> [Data section]

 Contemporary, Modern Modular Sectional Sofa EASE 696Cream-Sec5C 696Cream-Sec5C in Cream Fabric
==
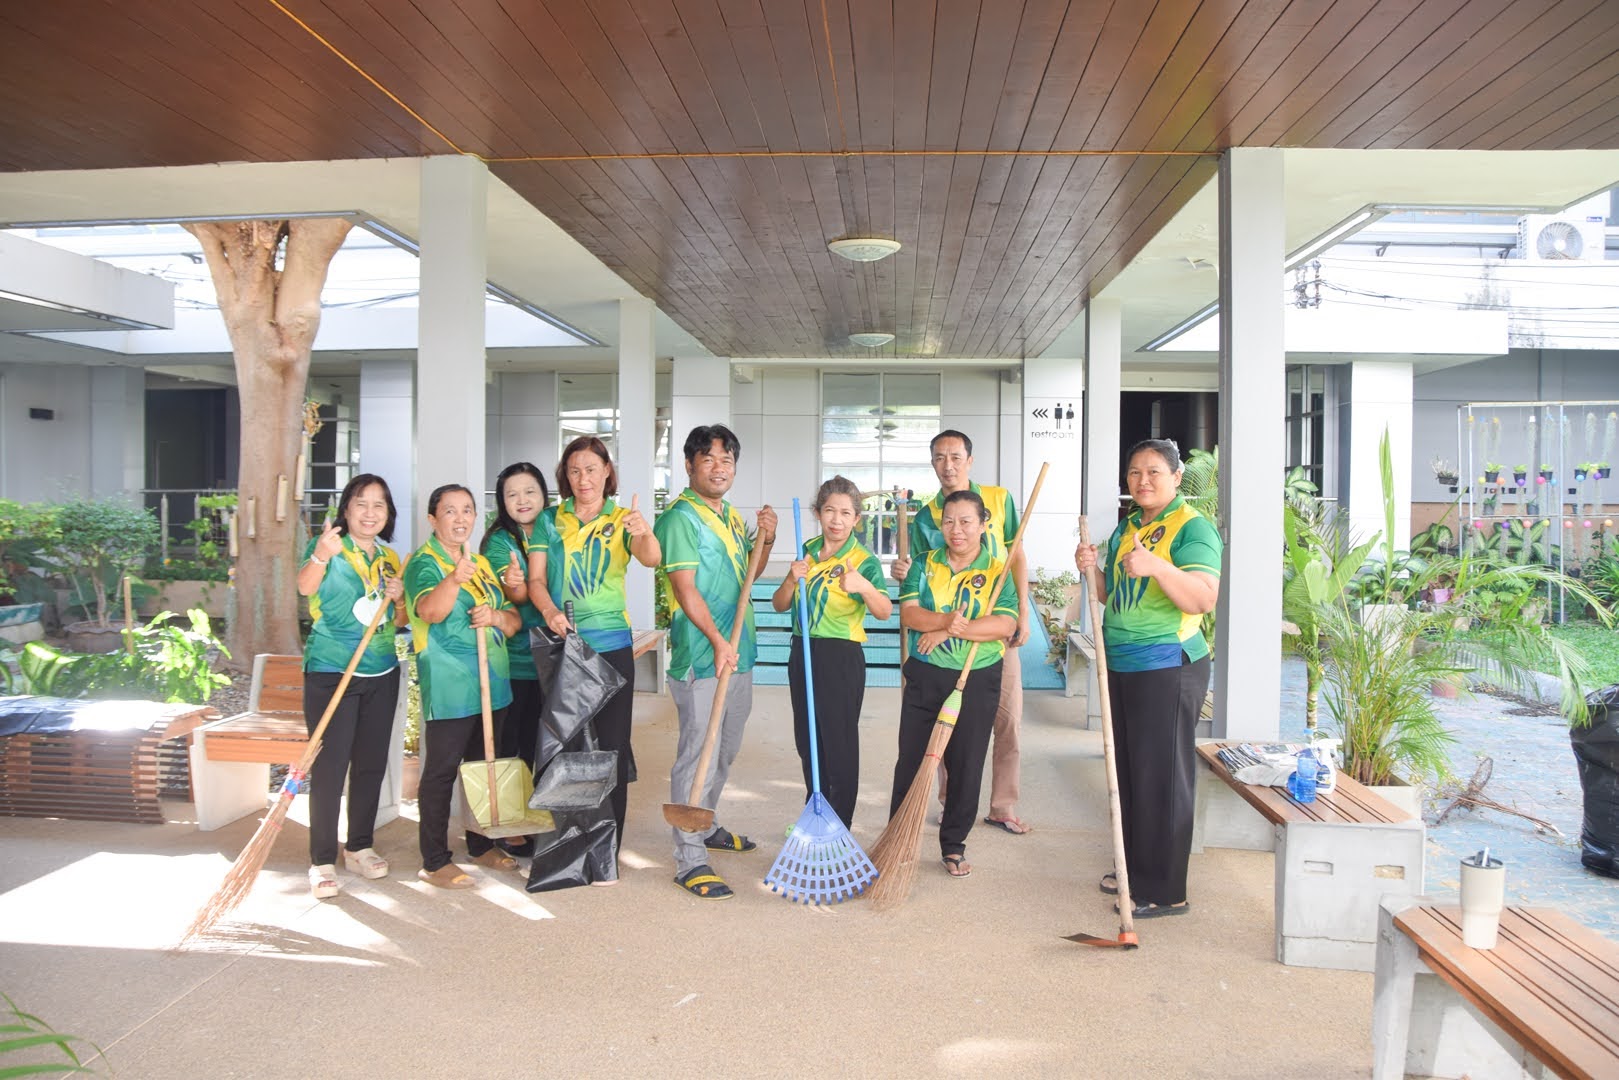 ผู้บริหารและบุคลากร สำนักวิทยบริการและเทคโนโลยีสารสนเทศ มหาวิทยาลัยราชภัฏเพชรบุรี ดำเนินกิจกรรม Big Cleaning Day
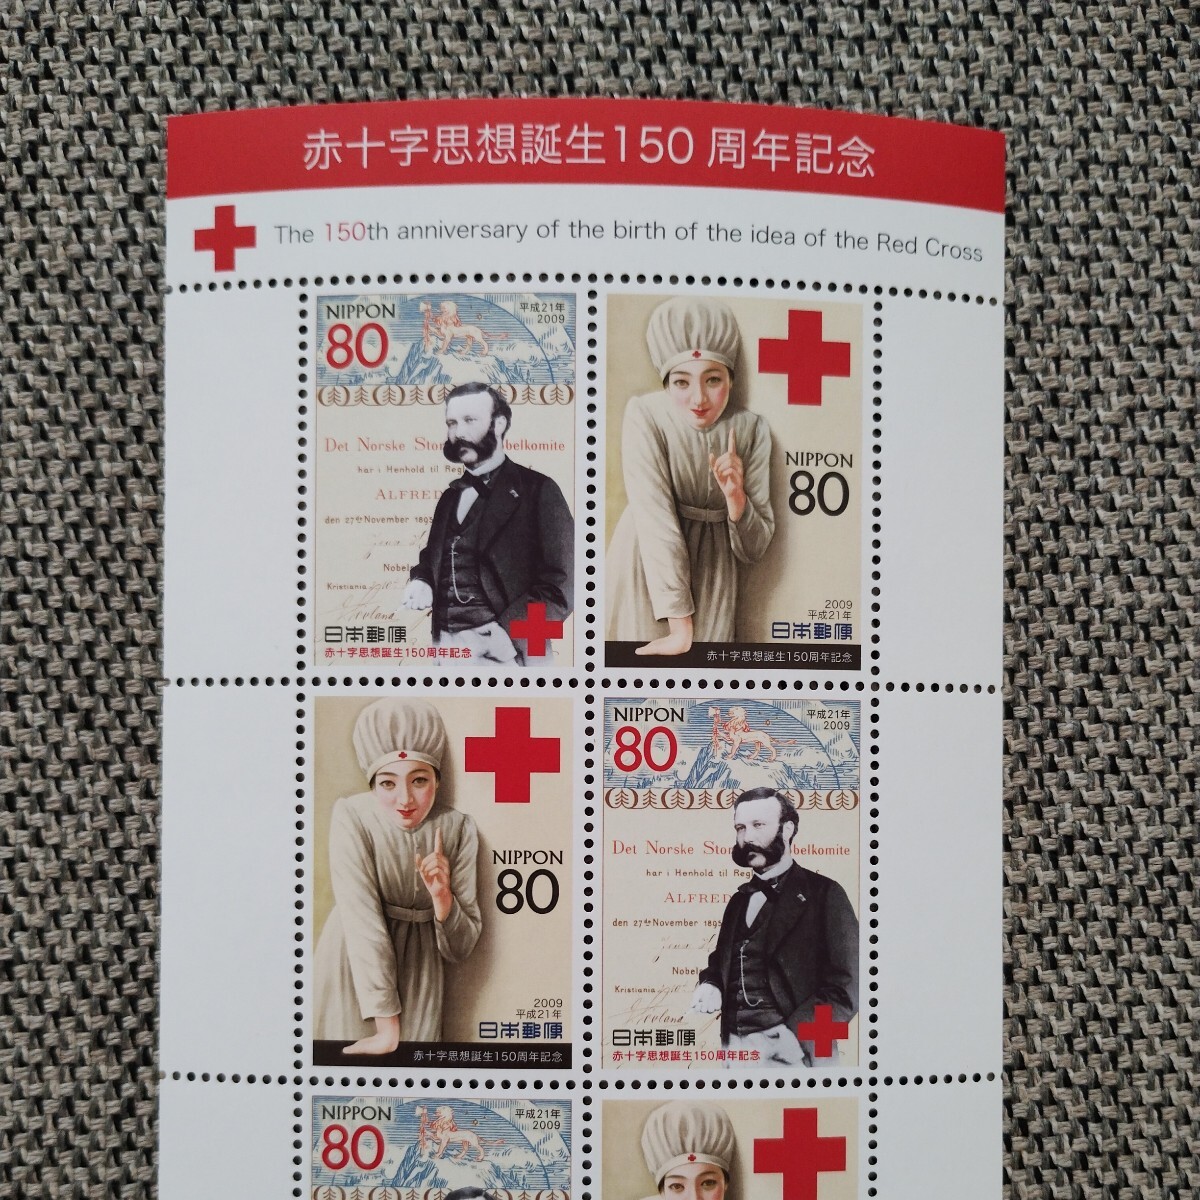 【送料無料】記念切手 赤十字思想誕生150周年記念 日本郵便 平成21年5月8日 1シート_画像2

> [About this exercise] Repeat exactly the stretch of the listing above that starts with the line holding "Big Cleaning Day" and finishes with the line holding "日本郵便 平成21年5月8日 1シート_画像2", both included. Skip every picture.

> [Solution]
 ผู้บริหารและบุคลากร สำนักวิทยบริการและเทคโนโลยีสารสนเทศ มหาวิทยาลัยราชภัฏเพชรบุรี ดำเนินกิจกรรม Big Cleaning Day
 【送料無料】記念切手 赤十字思想誕生150周年記念 日本郵便 平成21年5月8日 1シート_画像2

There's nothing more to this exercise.